PROBLEM DESCRIPTION | Go to the line holding "Priests attend a" in the data below. Return it and each line after it through the last, exactly, and skip the pictures.

DATA BELOW |
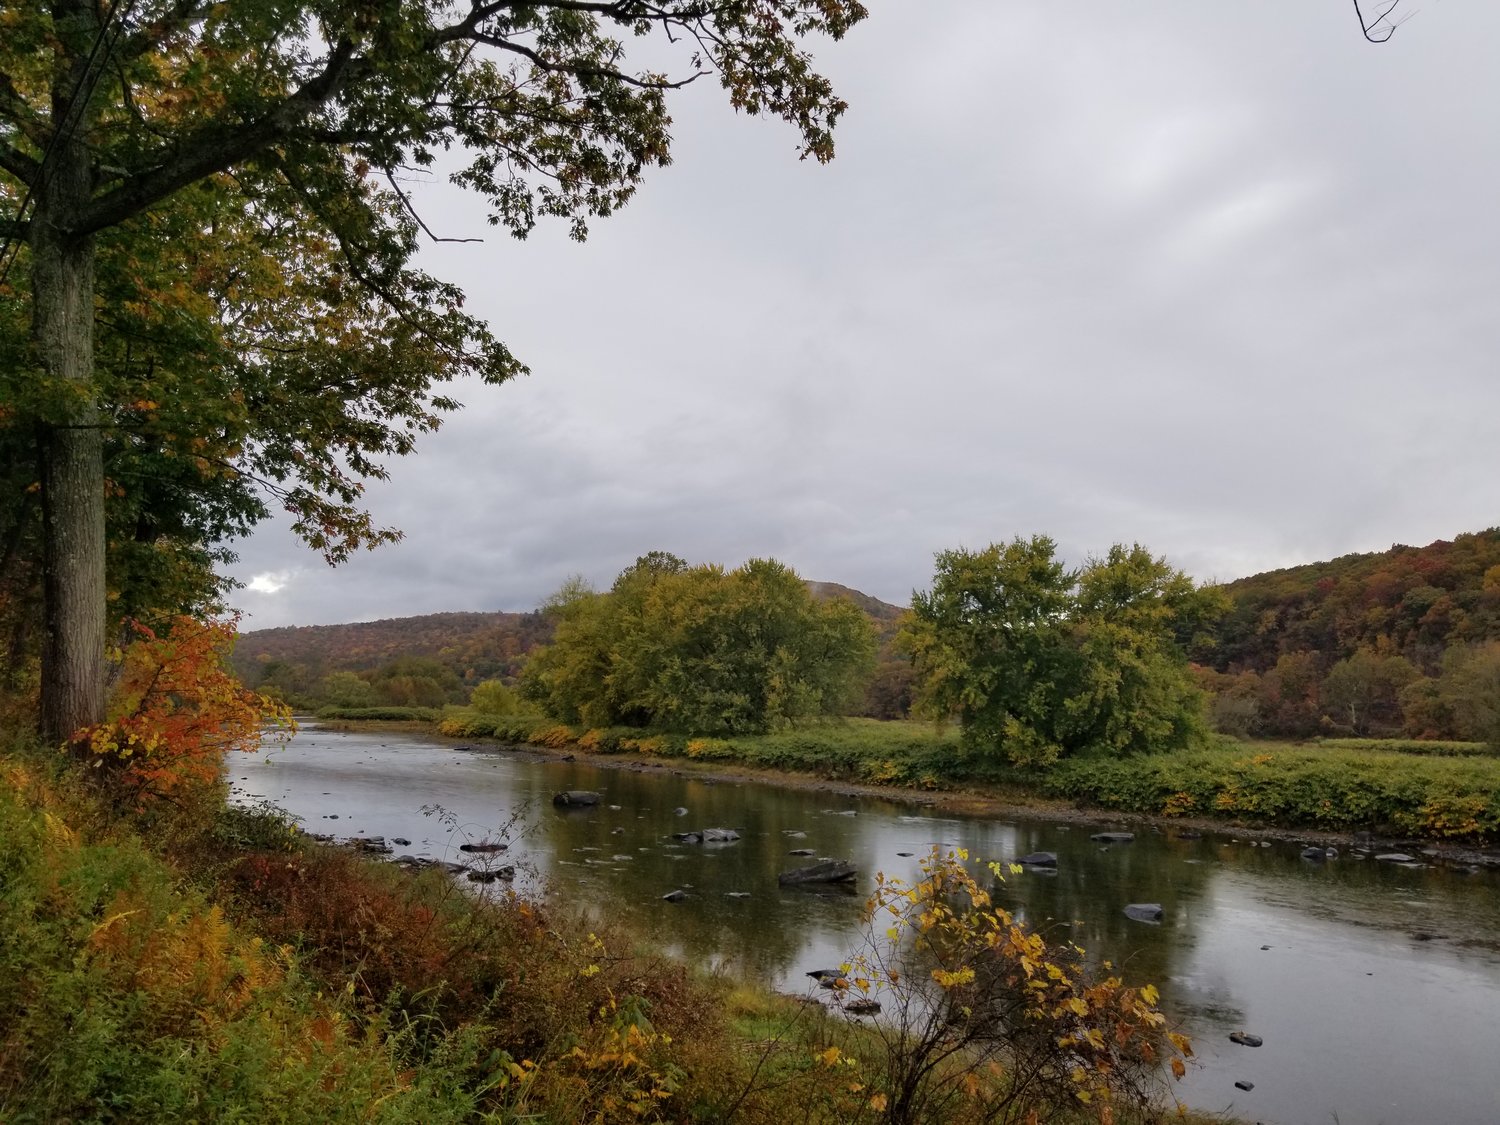 Autumn on the Delaware at Callicoon. Looming clouds promise a storm.
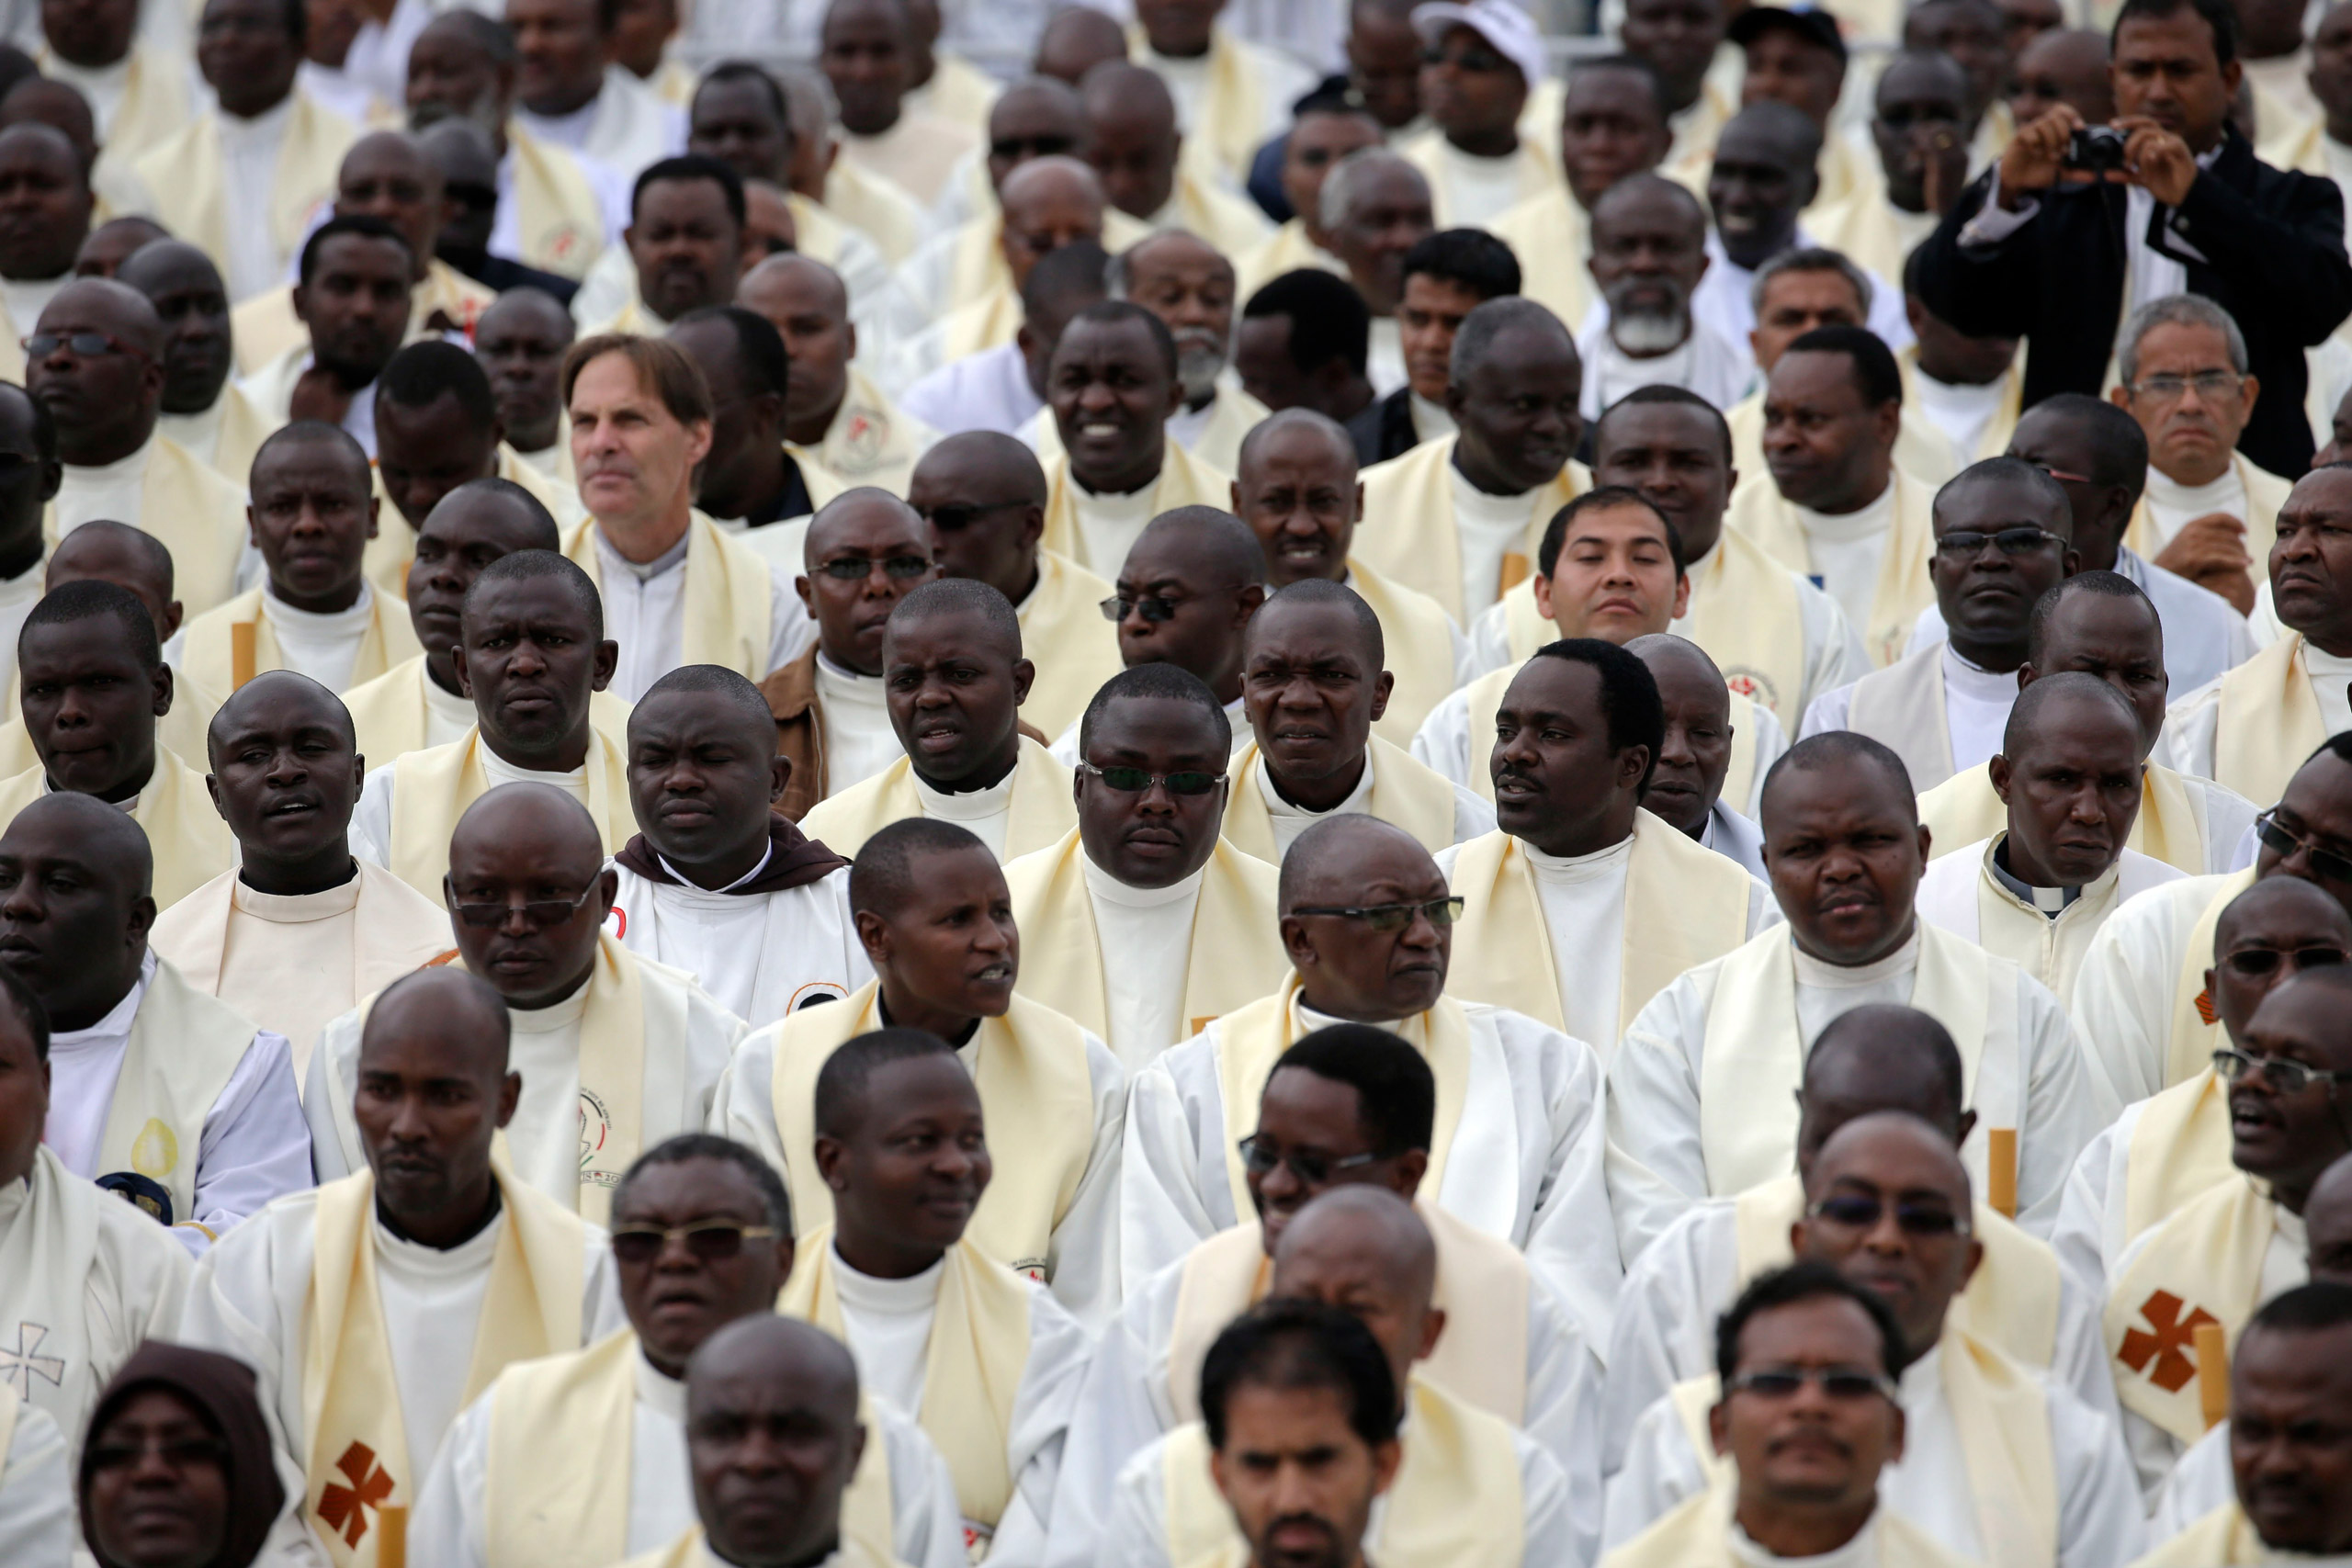 Priests attend a Mass celebrated by Pope Francis on the campus of the University of Nairobi on Nov. 26, 2015.
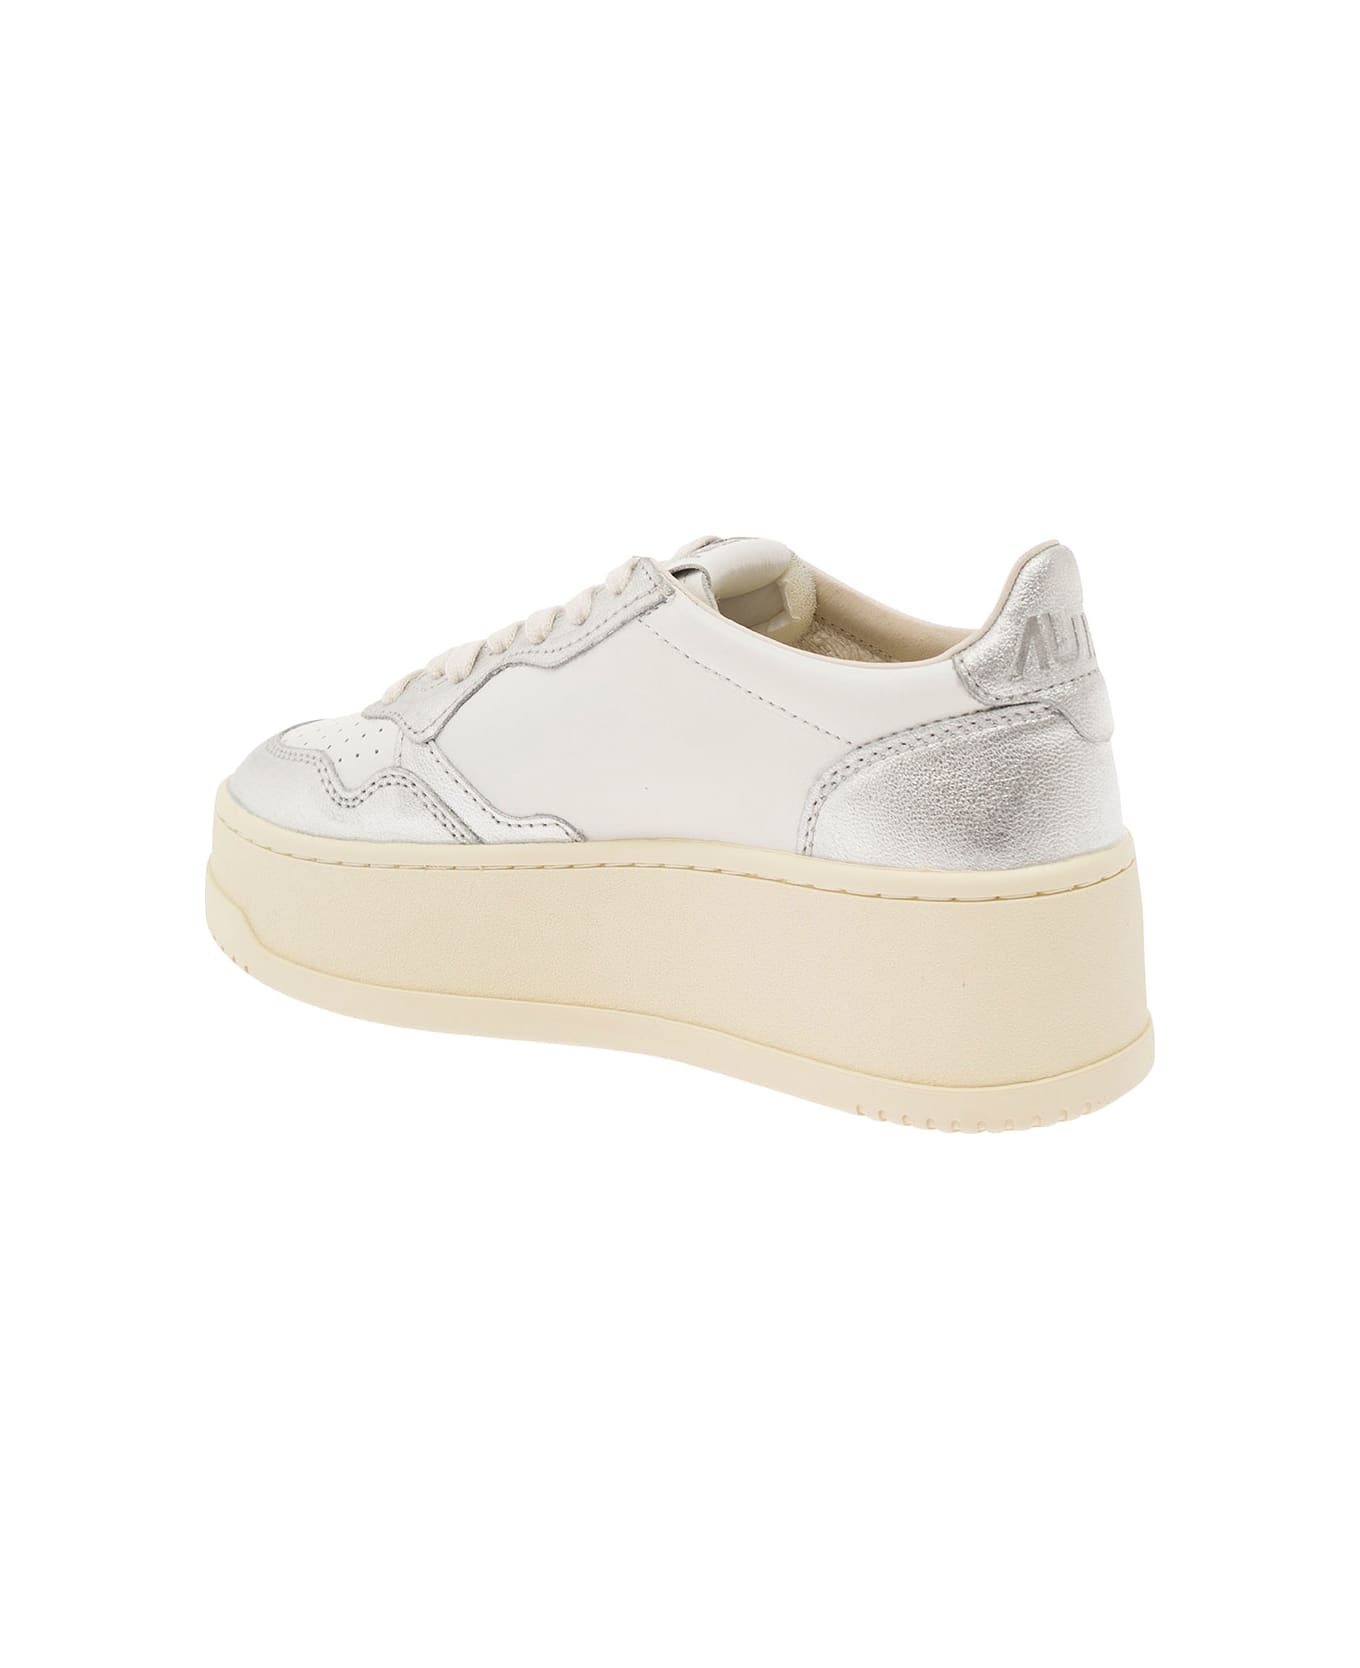 Autry White And Silver Low Top Platform Sneakers With Logo In Leather Woman - White

EXERCISE OUTPUT |
 Priests attend a Mass celebrated by Pope Francis on the campus of the University of Nairobi on Nov. 26, 2015.
 Autry White And Silver Low Top Platform Sneakers With Logo In Leather Woman - White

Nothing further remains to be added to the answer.